***** Data segment

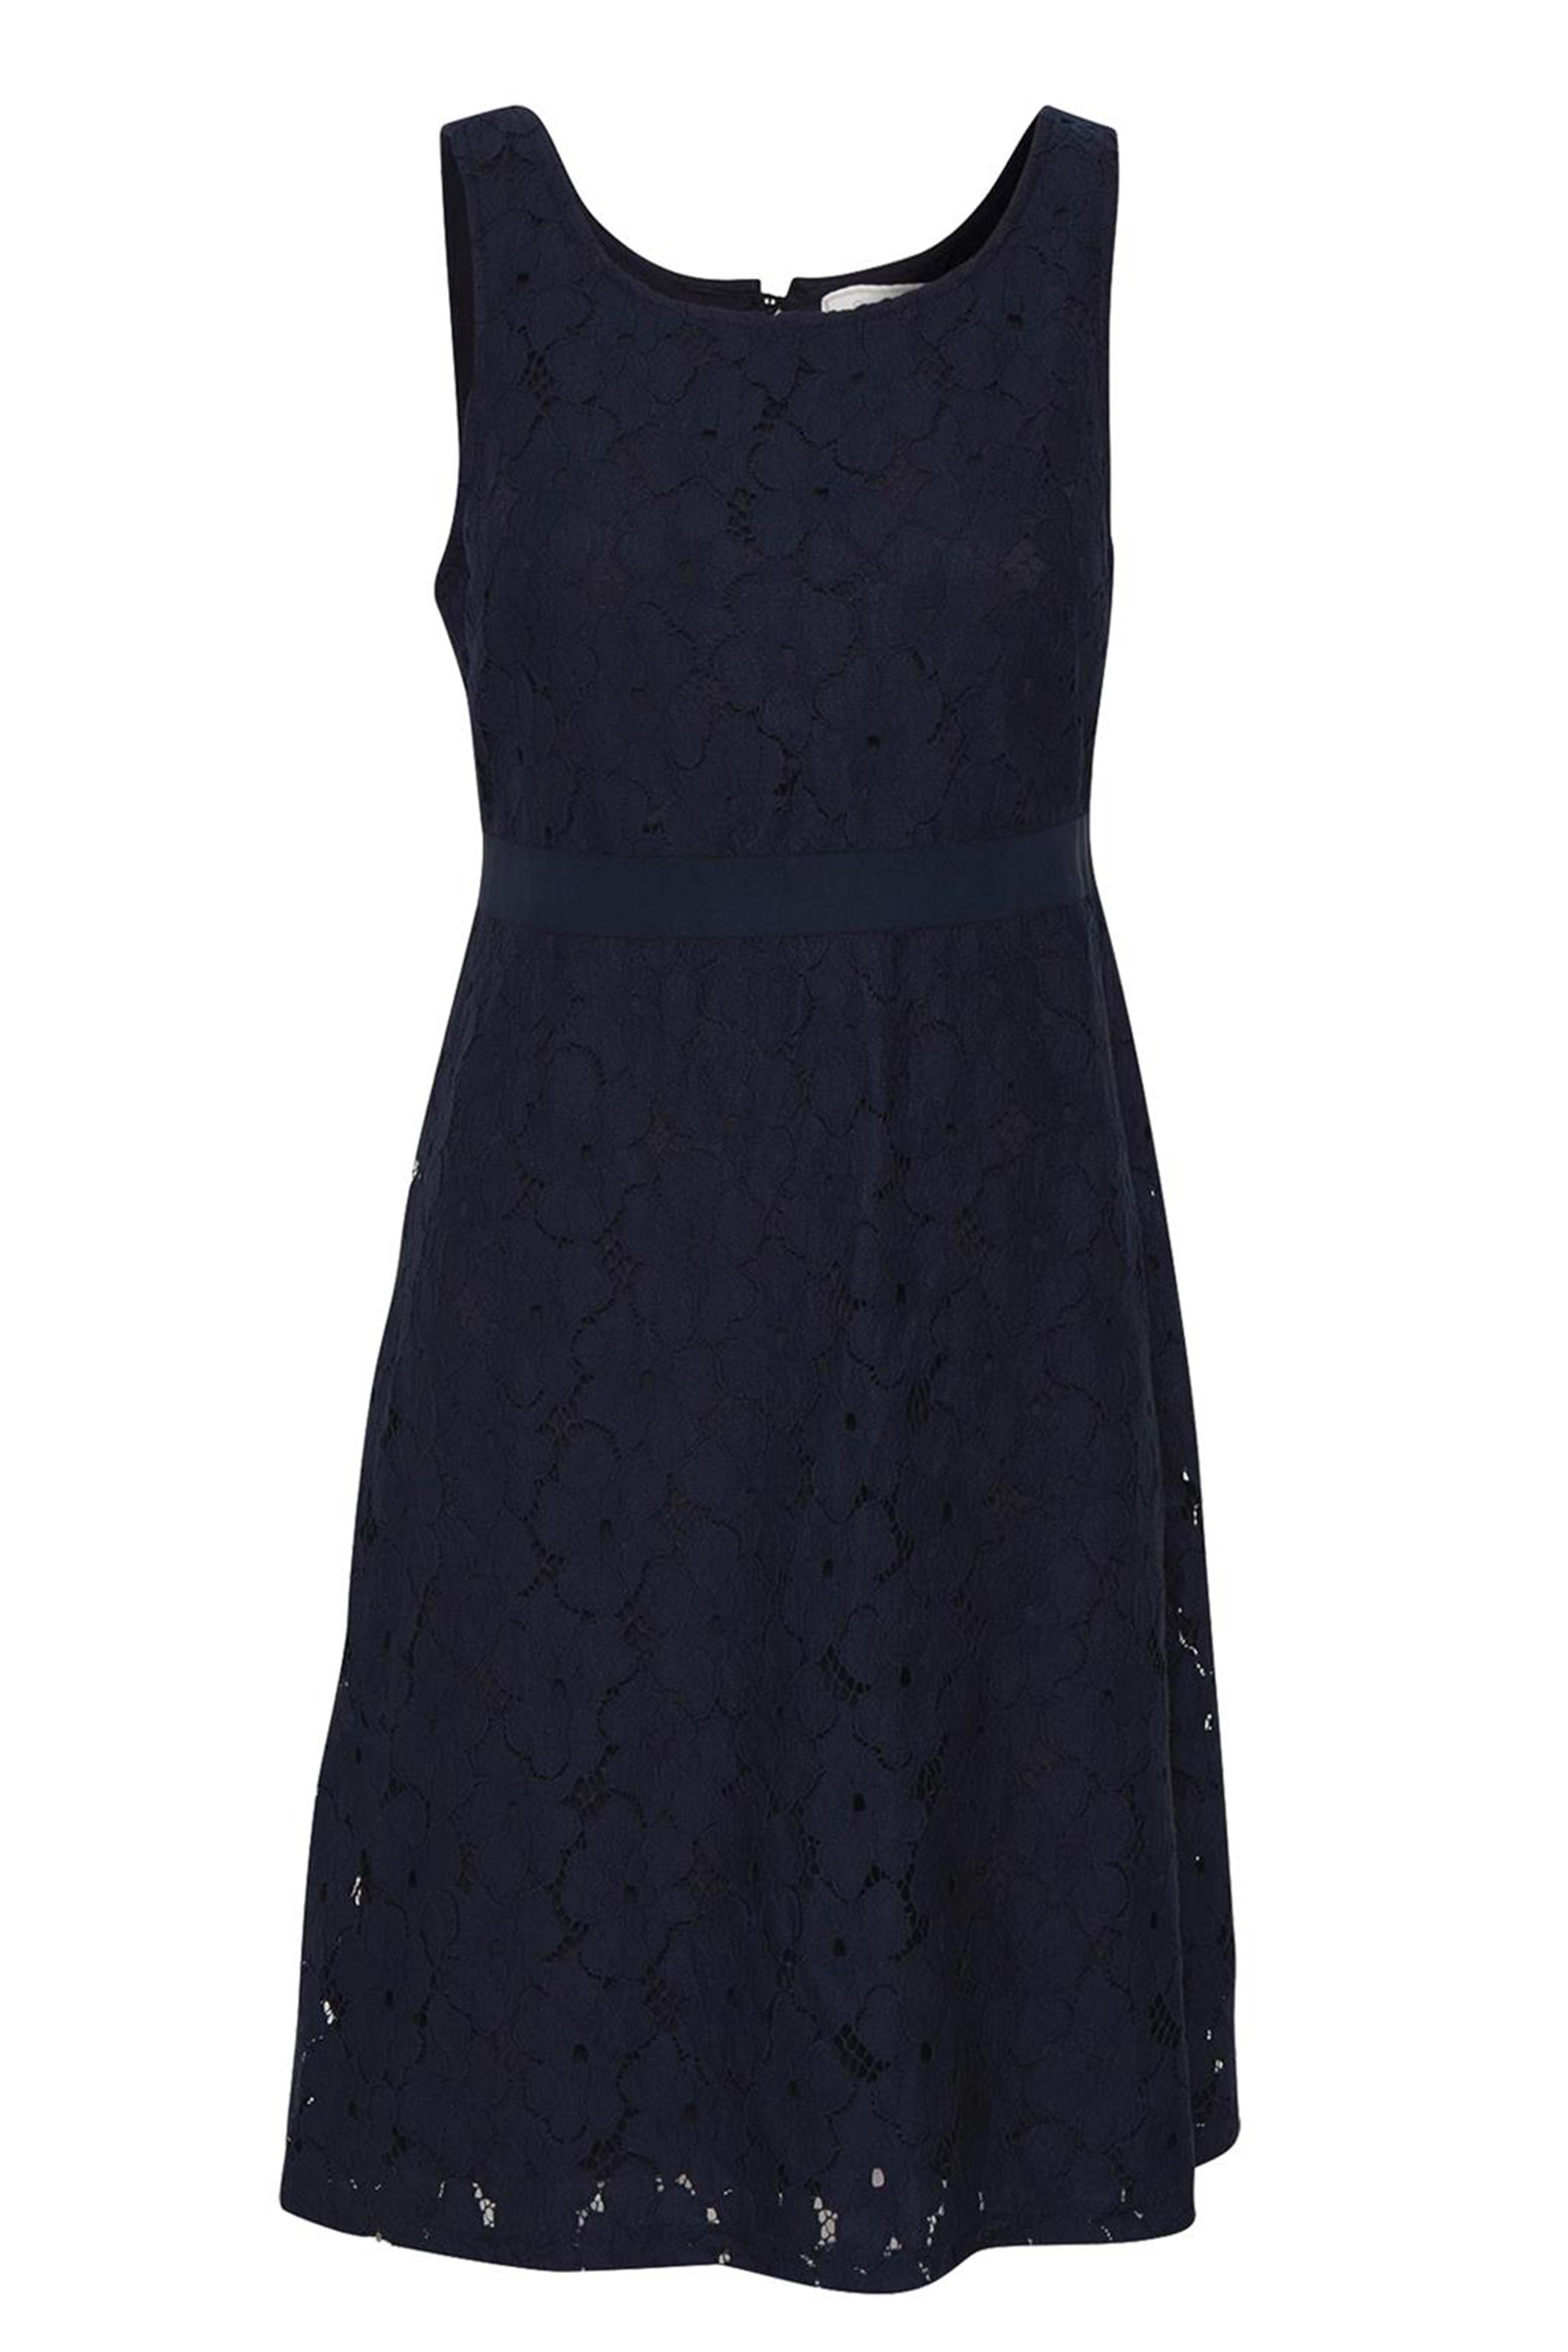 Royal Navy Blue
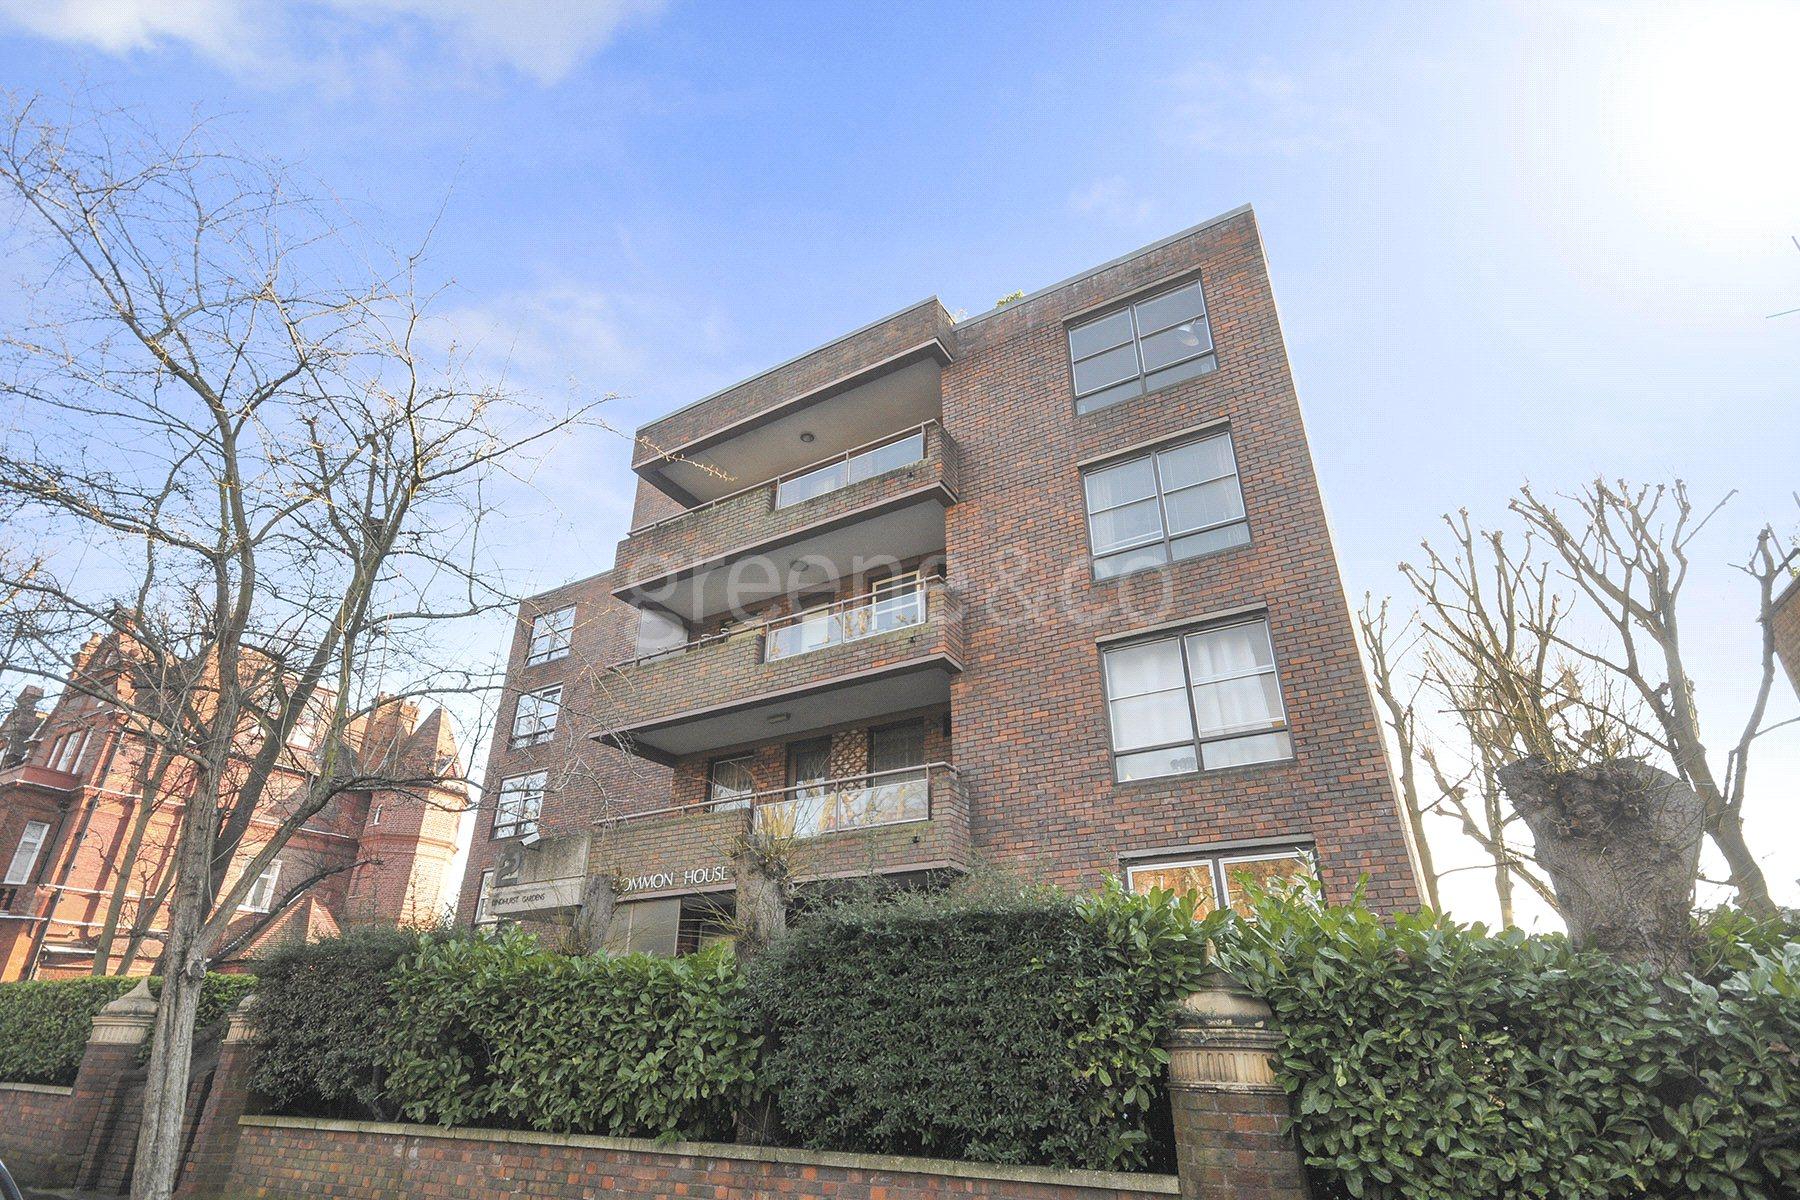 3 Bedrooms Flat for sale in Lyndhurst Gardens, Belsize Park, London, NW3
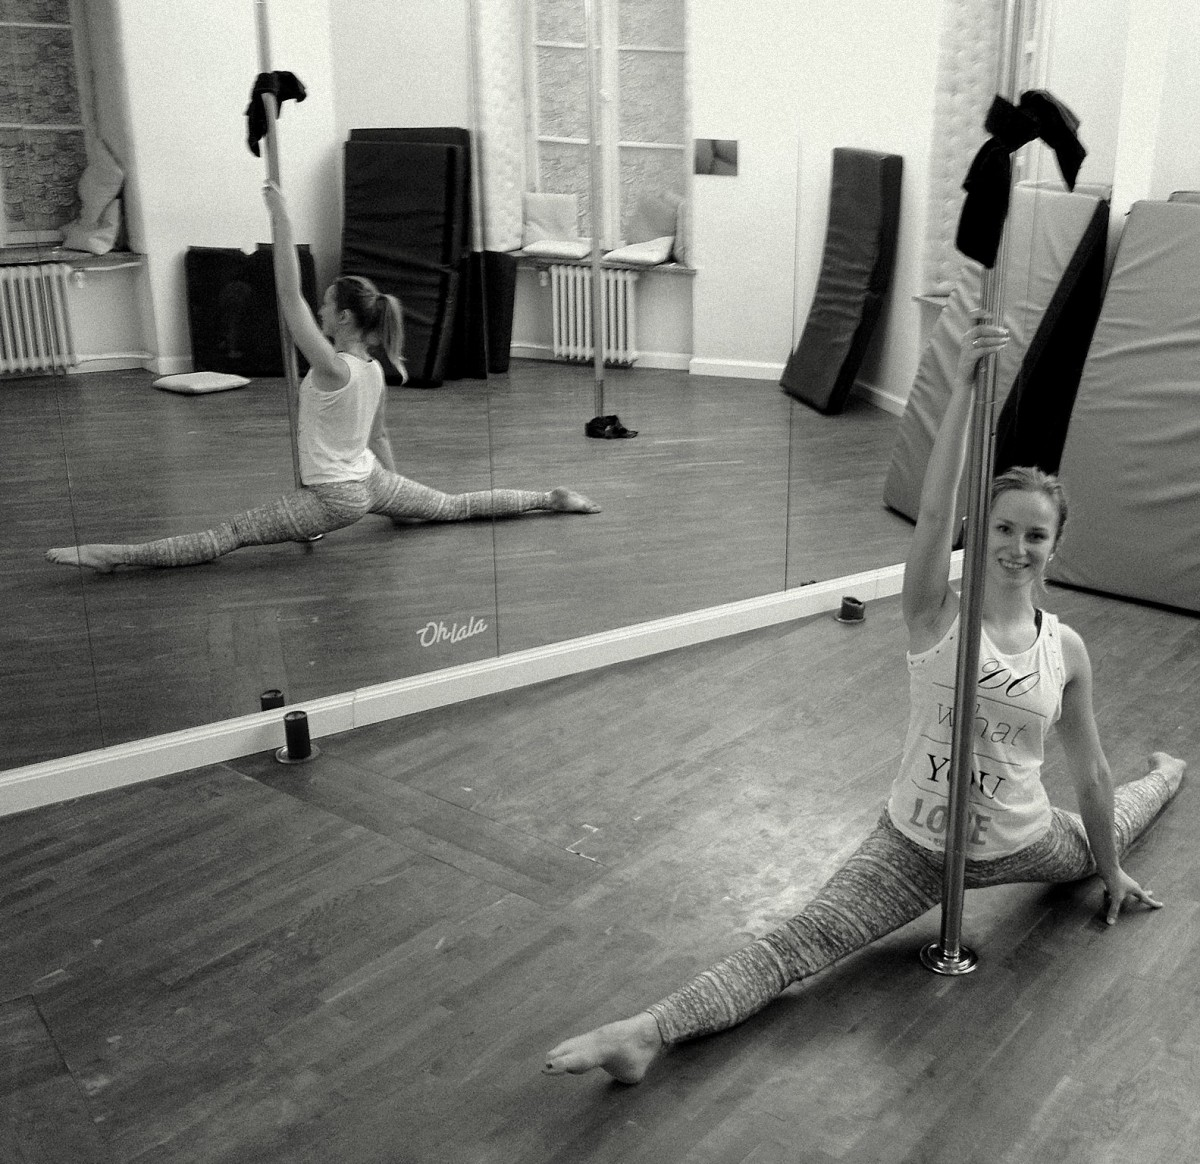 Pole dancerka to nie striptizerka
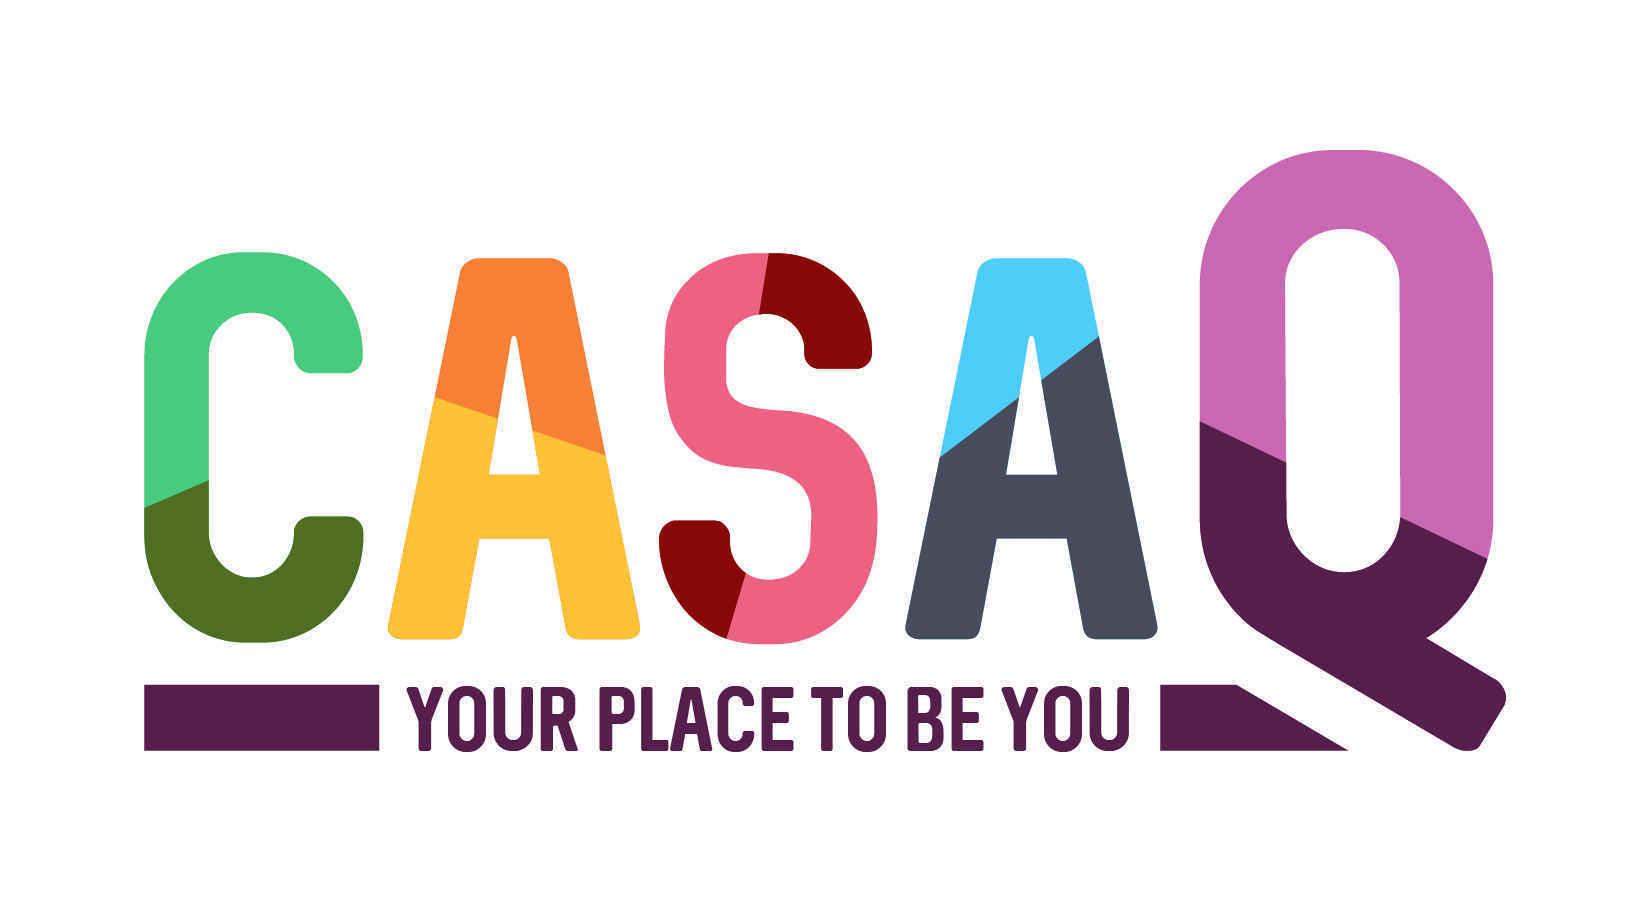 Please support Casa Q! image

**********

### Action item:
Please retype the whole listing above exactly, without any of its images.

### Exercise result:
 Royal Navy Blue
 3 Bedrooms Flat for sale in Lyndhurst Gardens, Belsize Park, London, NW3
 Pole dancerka to nie striptizerka
 Please support Casa Q! image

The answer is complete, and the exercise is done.